Do you want to work on an hourly basis where you just say like as needed, I just, you know,
I reached out like, you know, nectarine is a, you know, I'm not affiliated with any of these companies,
but hellonectrine.com. You can hire, you know, an advisor, literally just,
one hour at a time, right, just kind of as needed. Others say, hey, we'll do like 10 hours together
as like a package. So there's hourly. There's project base, which is, hey, we're going to have
a two to three month engagement to do a comprehensive financial plan. We're going to look at everything
in your life with a number on it. We're going to give you like kind of a what I call the measurable
action plan, the map of, you know, what are the things we're going to do over this next year to
optimize your financial plan? Then there's ongoing. These are the people who are saying, hey, I want
somebody who, like, it's going to keep me accountable, not just for saving and investing, but
keep me accountable in retirement to actually say, hey, you said you want to go on that big
trip, did you actually go on to Airbnb and book the nice cabin and all those things?
So if you need accountability, ongoing monthly is great.
Like, Abundo wealth is a great firm that does that.
It's like just a few hundred bucks a month for ongoing support.

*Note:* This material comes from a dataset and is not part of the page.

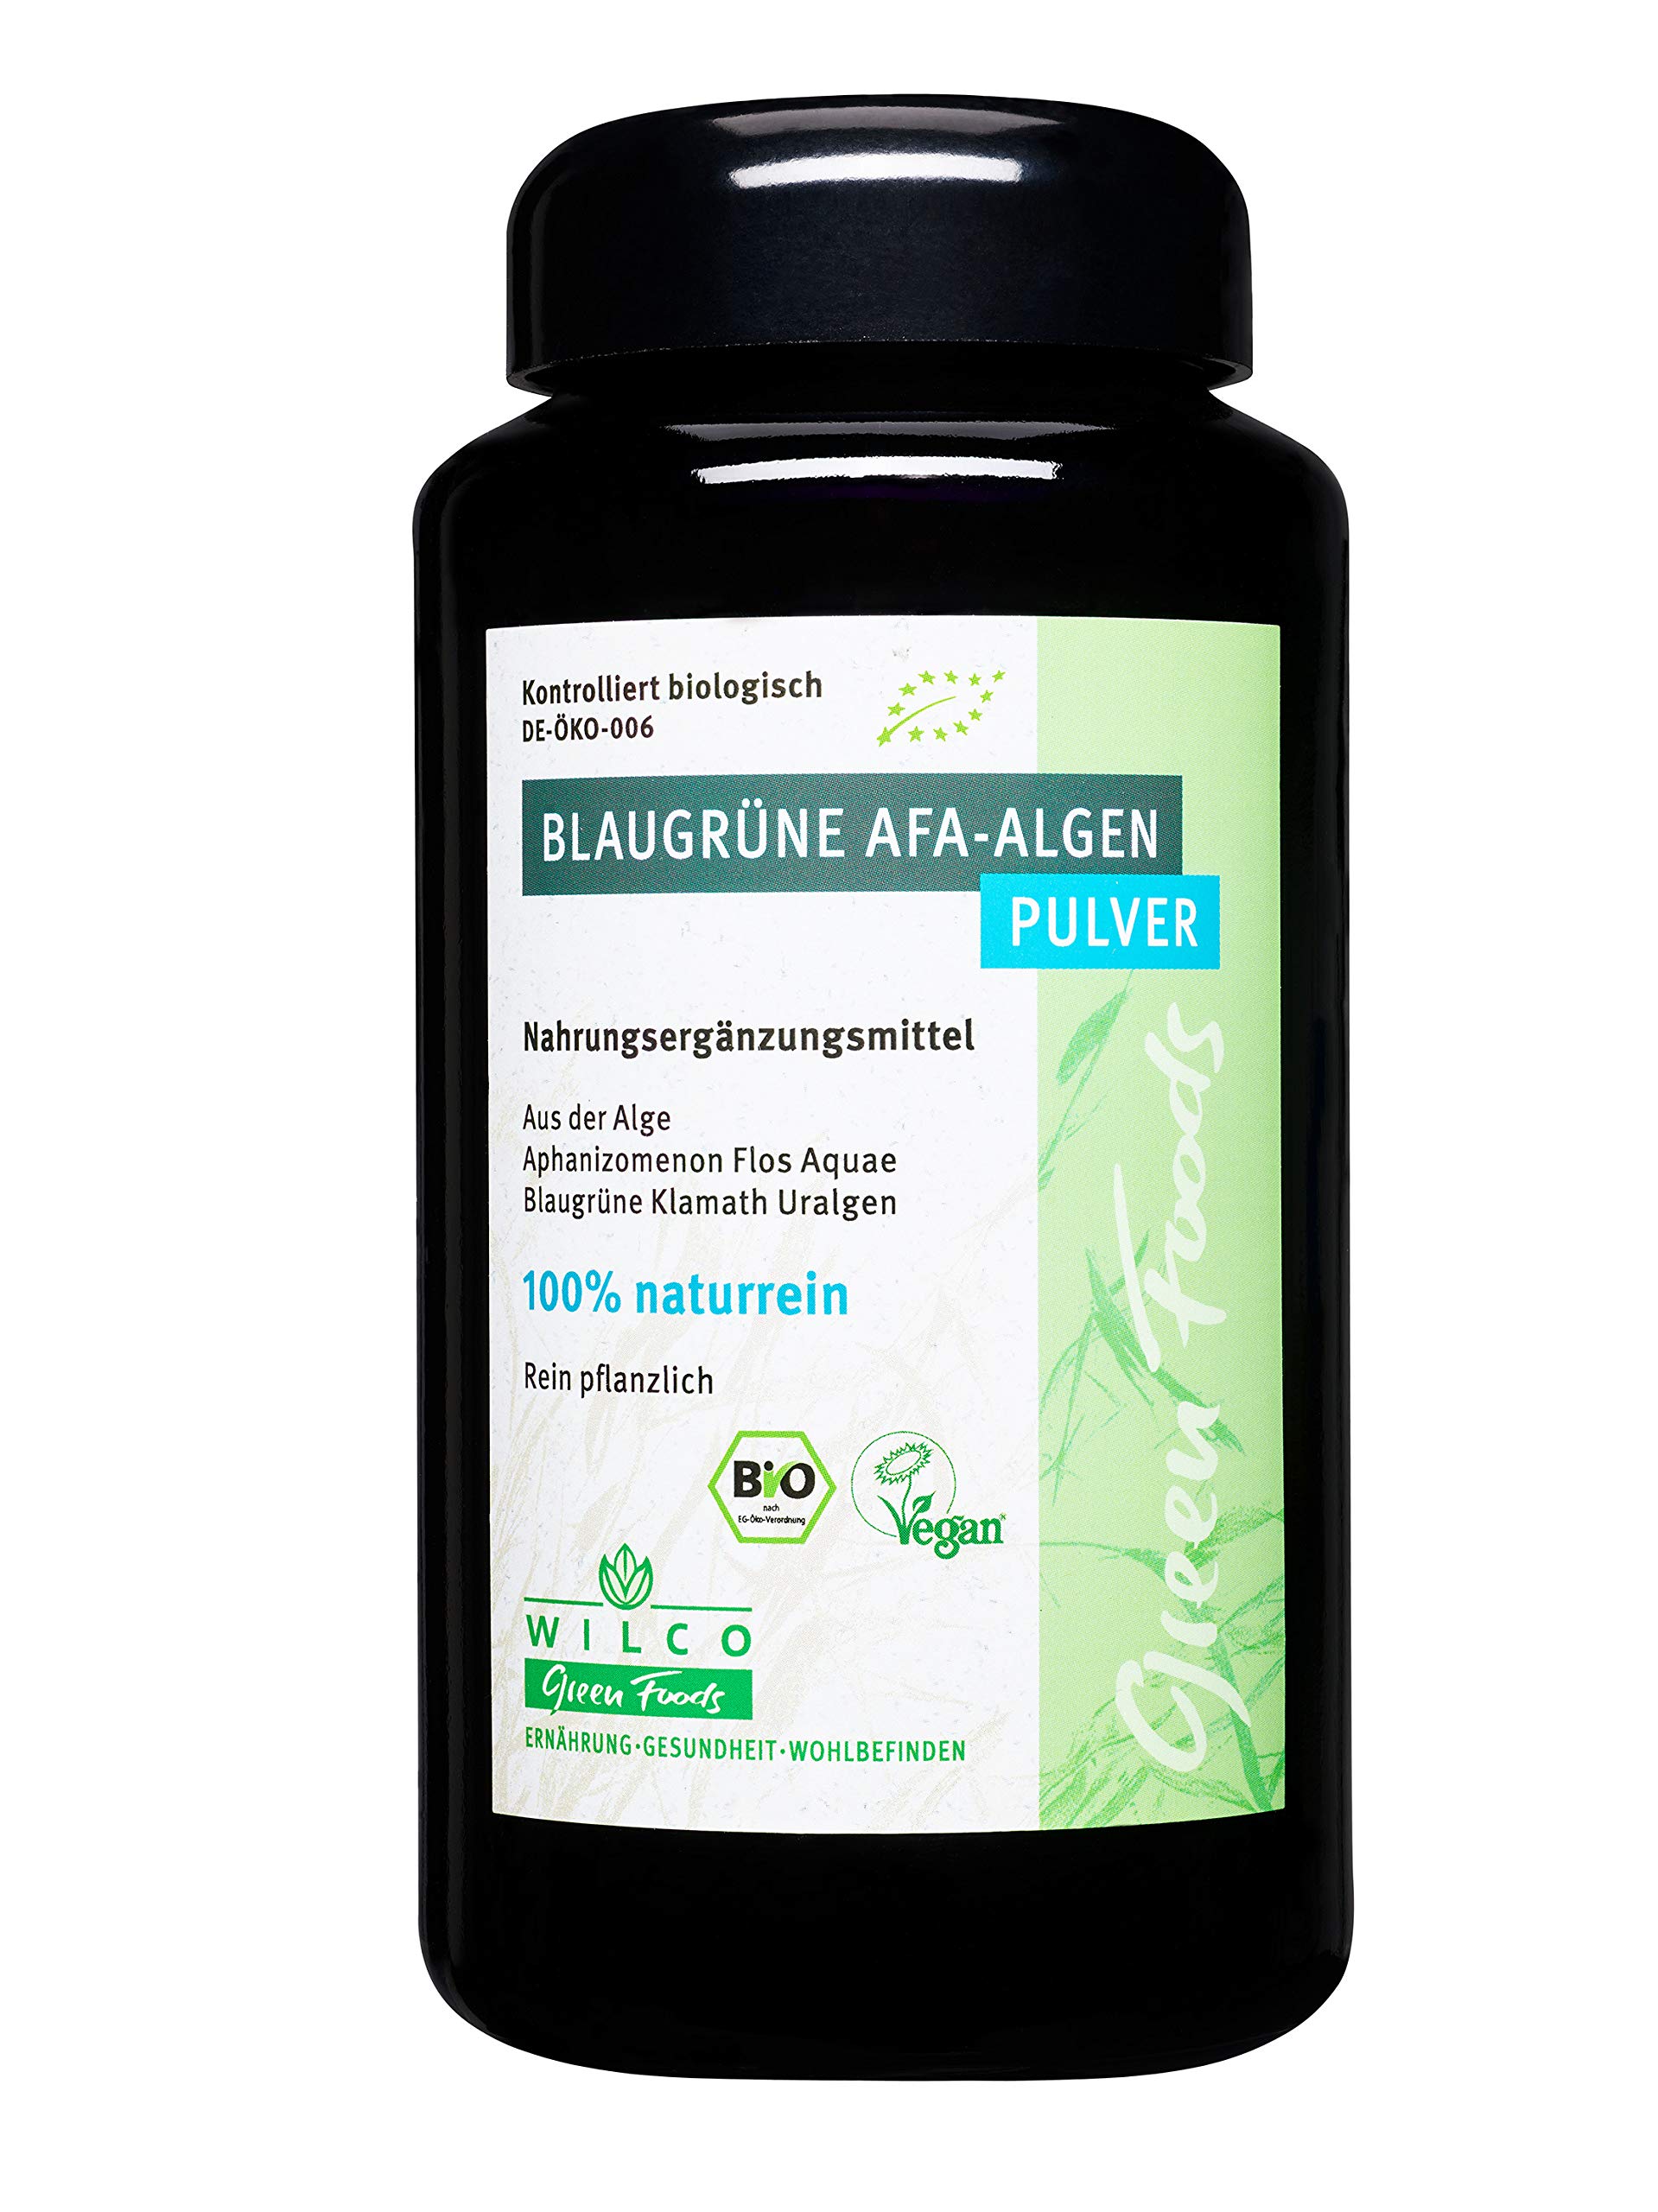 WILCO Bio AFA Algen Pulver 220g - 100% Naturreines Biologisches Nahrungsergänzungsmittel für körperliche Fitness und ein gesteigertes Wohlbefinden - Vitamin B12
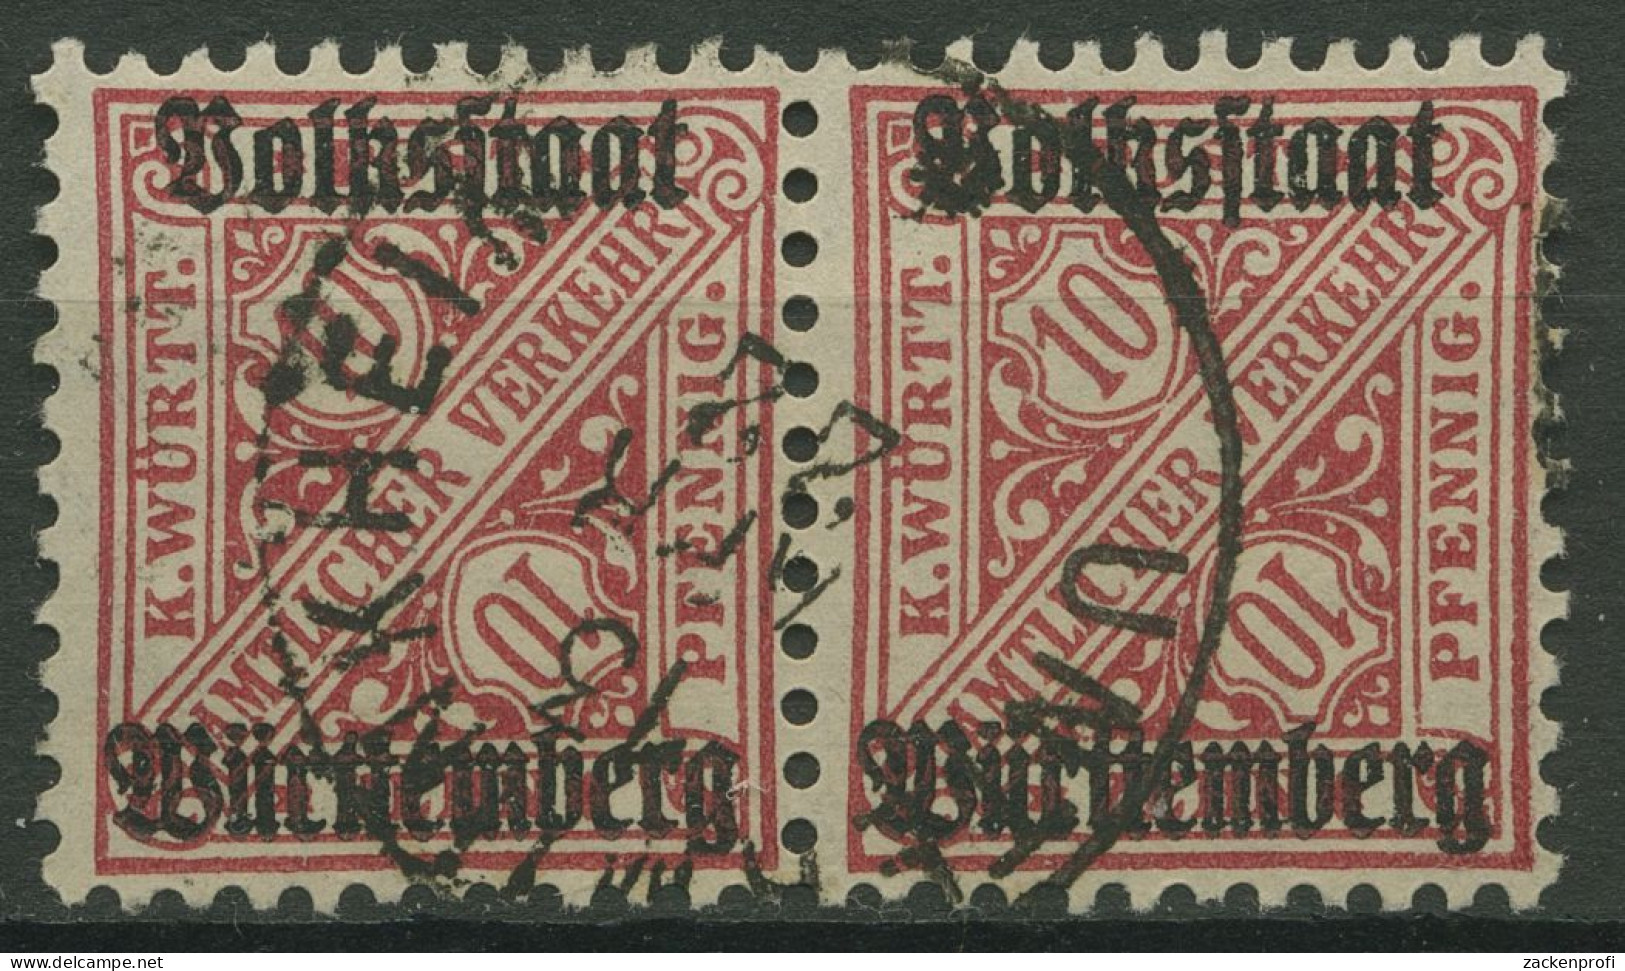 Württemberg Dienstmarken 1919 Mit Aufdruck 262 Waagerechtes Paar Gestempelt - Usati

Project based for a comprehensive financial plan, you should expect to spend between
$2,500 and $5,000 for that kind of that full comprehensive two to three month engagement.
And then hourly, you should expect to spend between 250 to $450 to $450 an hour,
depending on their level of expertise and experience.
Super helpful.
Yeah, I just want to say here, even though I'm a certified financial planner professional,
a CFP professional, I'm not your financial advisor.
So the content I provide today does not provide financial, tax, legal, or any professional
advice, right?
So do not act on any of the information, the tickers that I talked about.
Those are not advice for you, just the things that I would do personally based on my own
situation.
And certainly consult with a licensed investment tax or legal professional before implementing
anything that you heard today.
Awesome. Cody, thank you for the disclaimer and thank you for your time today. This was very enlightening. Where can people find you online? My biggest excitement right now is Measure Twice Money YouTube channel. You can actually watch real financial planning meetings with real retirees struggling with what we talked about today. By the way, I might even send one your way that you could interview a real retiree who retired last year and what the emotional behavioral elements of scarcity. And also, if you go to Measure twicemoney.com forward slash book, you can see,
sign up for just a simple email whenever that tax planning to and through early retirement
book is coming out in September later this year. Awesome. Cody, thank you so much for your time today.
And we'll talk to you soon. Absolutely. Take care of you guys. All right, Scott, that was Cody Garrett.
And that was a lot of fun. What did you think of the episode? Although it was great. I love the
passion for personal finance and the shift to aligning his career with that passion. And that allows him
to pursue fire faster. So I think it's great. I think we need a lot more of these, you know,
advice only financial planning folks in the industry and I think it's great and we're starting to see those
pop up more and more and more with hello nectarine and Cody's firm and and more like it. So I think
it's great and it was fascinated to hear that story shared from him. I love his new definition of
fire financial independence recreational employment. I think that is a great mindset to be in,
hey, I could be retired, but I don't want to be. I like my job. I'm going to continue. I am declaring
myself fire, Scott, financial independence, recreational employment. Me too. Perfect. All right. Should
get out of here? Let's do it. That wraps up this episode of the Bigger Pockets Money podcast.
He is Scott Trench. I am Mindy Jensen saying time to soar dinosaur.